Controverse autour d’une arrestation musclée

«C’était une scène horrible, je ne croyais jamais voir ça dans un parc à Montréal», s’est désolée Leigh O’Brien, qui a filmé une partie de l’intervention qui s’est déroulée sous ses yeux.
Photo: Leigh O’Brien (capture d'écran) «C’était une scène horrible, je ne croyais jamais voir ça dans un parc à Montréal», s’est désolée Leigh O’Brien, qui a filmé une partie de l’intervention qui s’est déroulée sous ses yeux.

Une arrestation musclée survenue samedi au parc Jeanne-Mance suscite la controverse. Les témoins de l’intervention déplorent sa brutalité, tandis que le Service de police de la Ville de Montréal (SPVM) justifie les coups de poing infligés au suspect parce qu’il aurait mordu un des agents qui tentait de le maîtriser au sol.

Une vidéo largement partagée sur les réseaux sociaux montre cinq policiers tentant de procéder à l’arrestation d’un homme, dont on aperçoit le visage à quelques reprises. Trois autres agents forment une bulle autour d’eux. « Pourquoi l’étranglent-ils », peut-on entendre dans la séquence, quelques secondes avant de voir un agent lui asséner une série de coups de poing. « Arrête de mordre, arrête de mordre », est-il possible d’entendre au loin.

« C’était une scène horrible, je ne croyais jamais voir ça dans un parc à Montréal », se désole Leigh O’Brien, qui a filmé une partie de l’intervention qui s’est déroulée sous ses yeux. L’étudiante américaine, qui habite à Montréal depuis quelques mois, profitait du beau temps avec des amis au pied du mont Royal lorsqu’elle a vu les policiers encercler l’homme. « Je suis originaire des États-Unis et, avec tout ce qui est arrivé dans la dernière année, surtout le décès de George Floyd, ç’a été instinctif de filmer parce que je m’explique mal ce qui peut justifier un tel usage de la force », raconte-t-elle.

Son amie, Agnes Bebon, qui a aussi été témoin de l’intervention, est encore sous le choc. « Ce qu’on a vu nous démontre que la brutalité policière est un problème ici aussi, et je trouve ça effrayant », dit la femme.

Les policiers se trouvaient dans le parc pour veiller au respect des règles sanitaires samedi dernier. En entrevue avec Le Devoir, le SPVM explique que l’usage de la force a été nécessaire après avoir interpellé un homme qui contrevenait au règlement municipal interdisant la consommation d’alcool sur le domaine public. « L’homme a refusé de collaborer avec les policiers et a adopté une posture de combat pendant l’interpellation », mentionne David Shane, porte-parole et conseiller au cabinet du directeur du SPVM.

Pour éviter une morsure, un des agents a utilisé ce qu’on qualifie de technique de diversion dans le jargon policier, dans ce cas-ci, les coups de poing.
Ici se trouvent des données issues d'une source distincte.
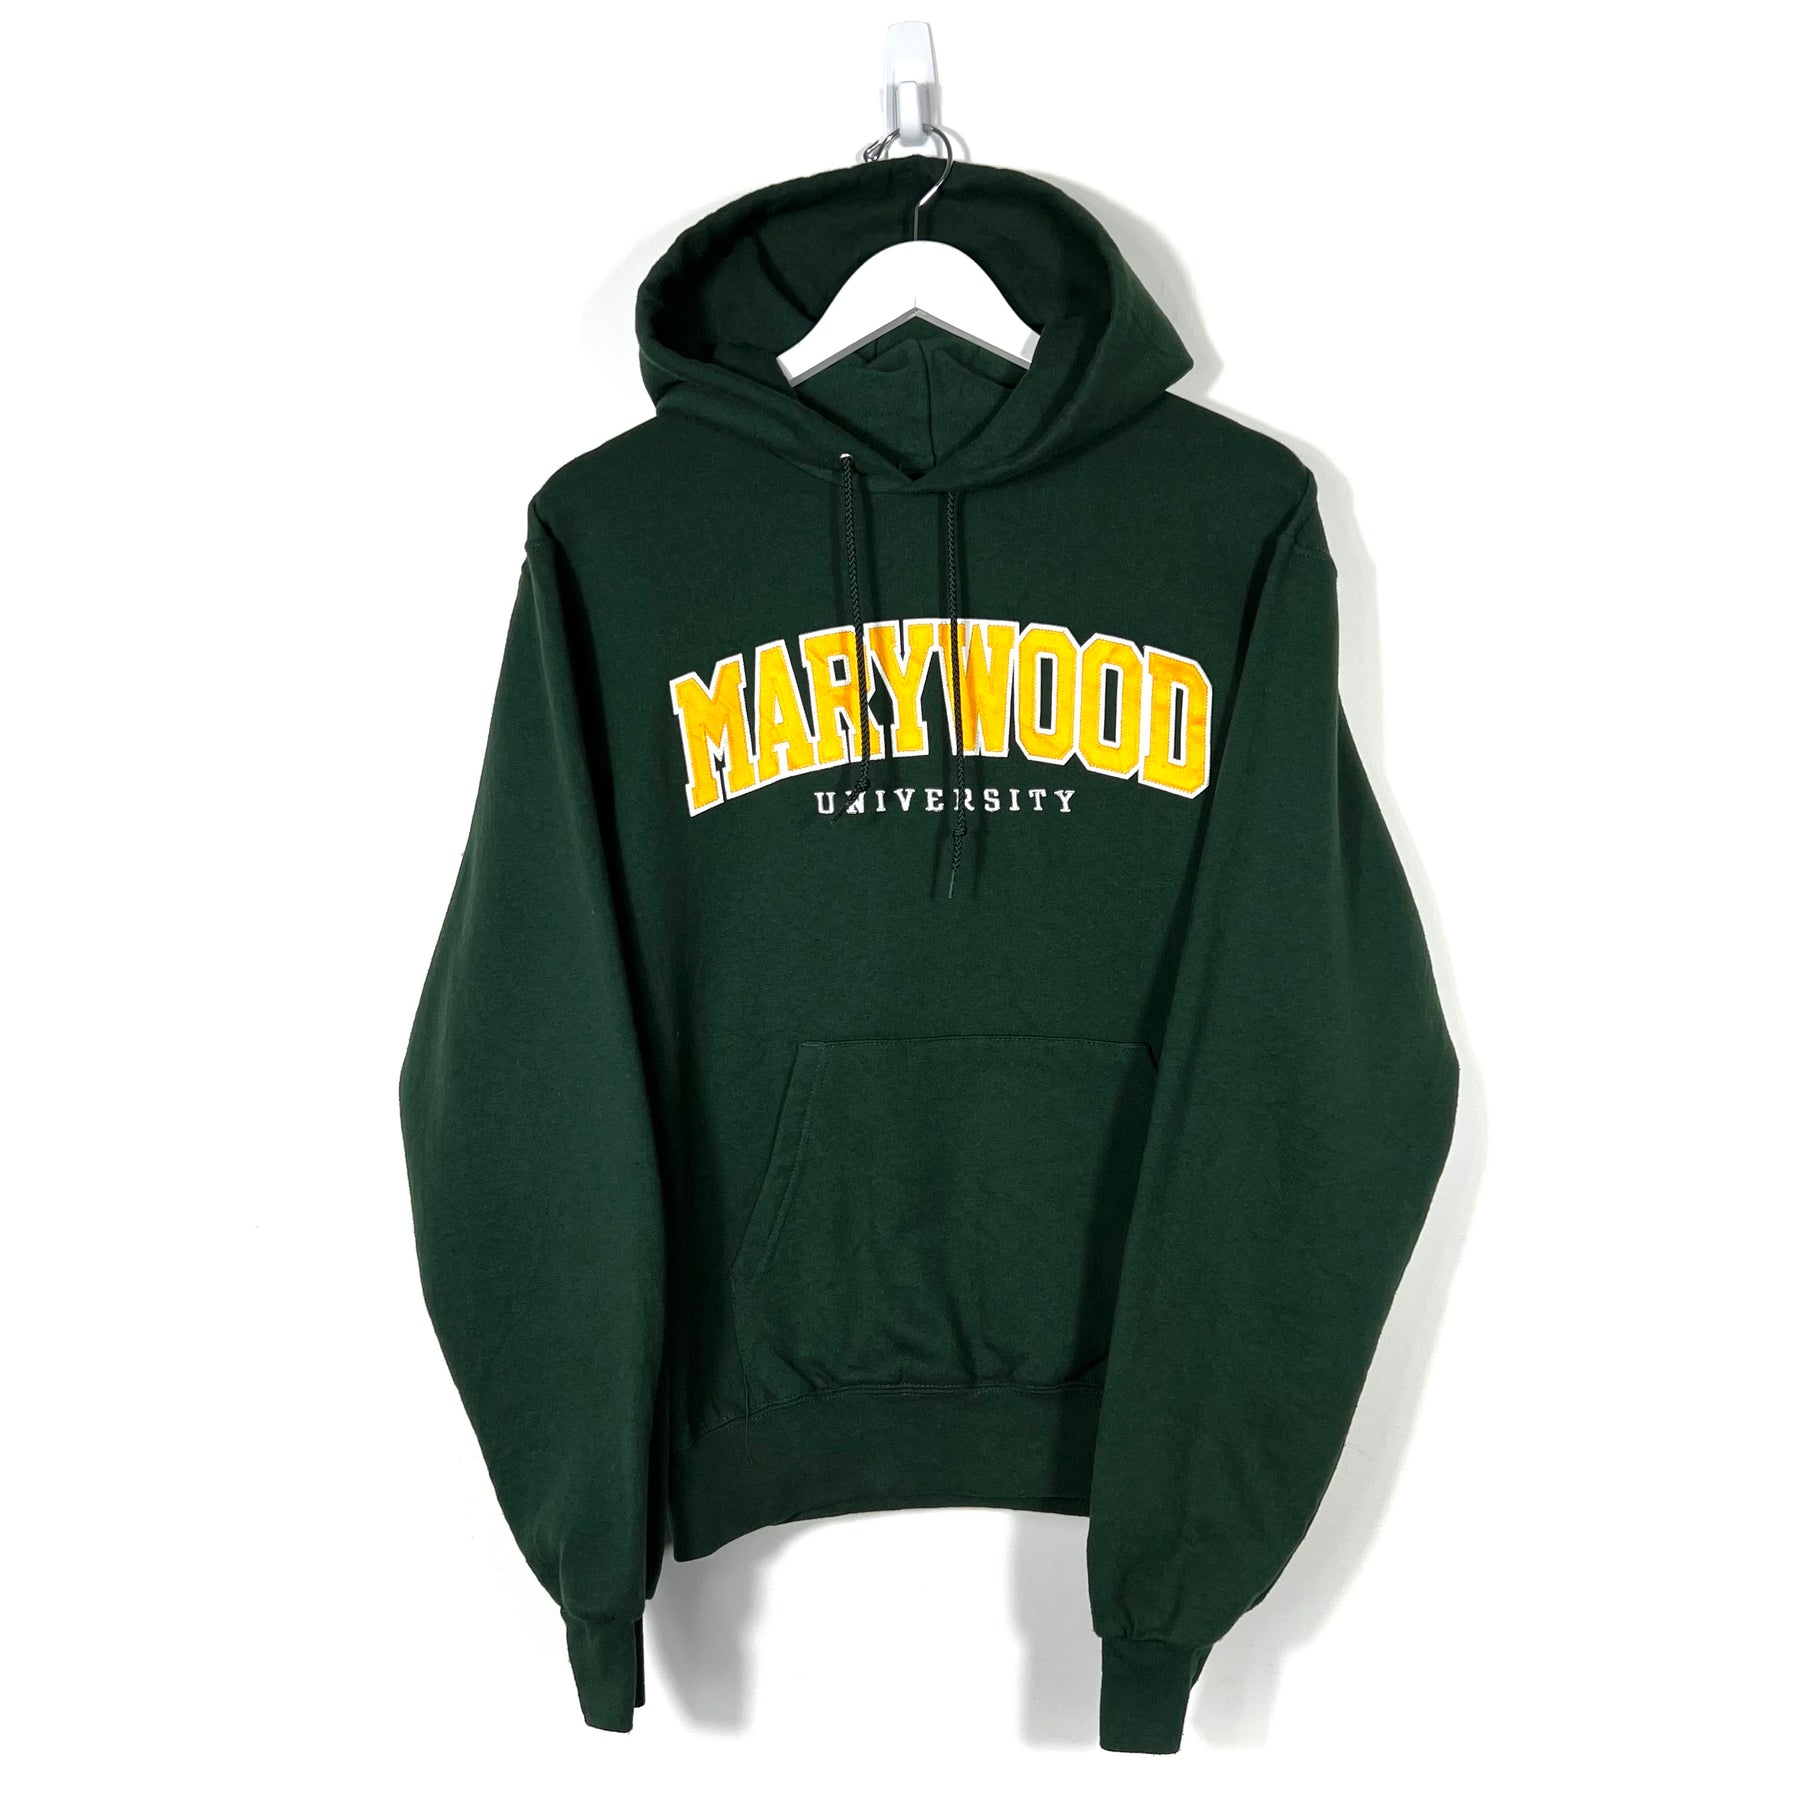 Vintage Champion Marywood University Hoodie - Men's Small

Après l’intervention, l’homme a été conduit au centre de détention et a été libéré sous promesse de comparaître. Il pourrait faire face à des accusations de voie de fait et d’entrave au travail des policiers. Un constat d’infraction de 100 $ lui a été remis pour avoir enfreint le règlement sur la consommation d’alcool sur le domaine public. Puisqu’il n’a pas encore été formellement accusé, son identité n’a pas été confirmée.

Sur Instagram, l’homme a remercié les internautes qui lui ont fait parvenir des messages de soutien et a promis de donner prochainement davantage de détails sur ce qui est arrivé. L’homme semble depuis avoir pris part à la manifestation contre le couvre-feu dimanche soir. Au moment où ces lignes étaient écrites, il n’avait pas accordé d’entrevue au Devoir.

« Jamais beau à voir »

Superviseur retraité au SPVM, Stéphane Wall a analysé les images diffusées tout au long de la fin de semaine. « L’usage de la force, ce n’est jamais beau à voir », mentionne celui qui a consacré une partie de sa carrière à la formation sur l’usage judicieux de la force. « Il est important de distinguer les perceptions et la réalité. La technique utilisée par les policiers sur la vidéo survient lorsqu’il y a une résistance active de la part d’un suspect. L’objectif, c’est de créer un inconfort pour qu’il se laisse menotter », explique M. Wall. « On n’arrive pas jusque-là s’il n’y a pas eu résistance », souligne-t-il.

Cette récente vidéo prouve qu’il est urgent de repenser la sécurité publique, estime de son côté Marlihan Lopez, porte-parole de la Coalition pour le définancement de la police. « Ce qui me préoccupe, c’est d’imaginer la violence dont ils peuvent user lorsqu’il n’y a pas de témoins, s’ils se sont permis d’utiliser une force excessive devant une foule », note-t-elle.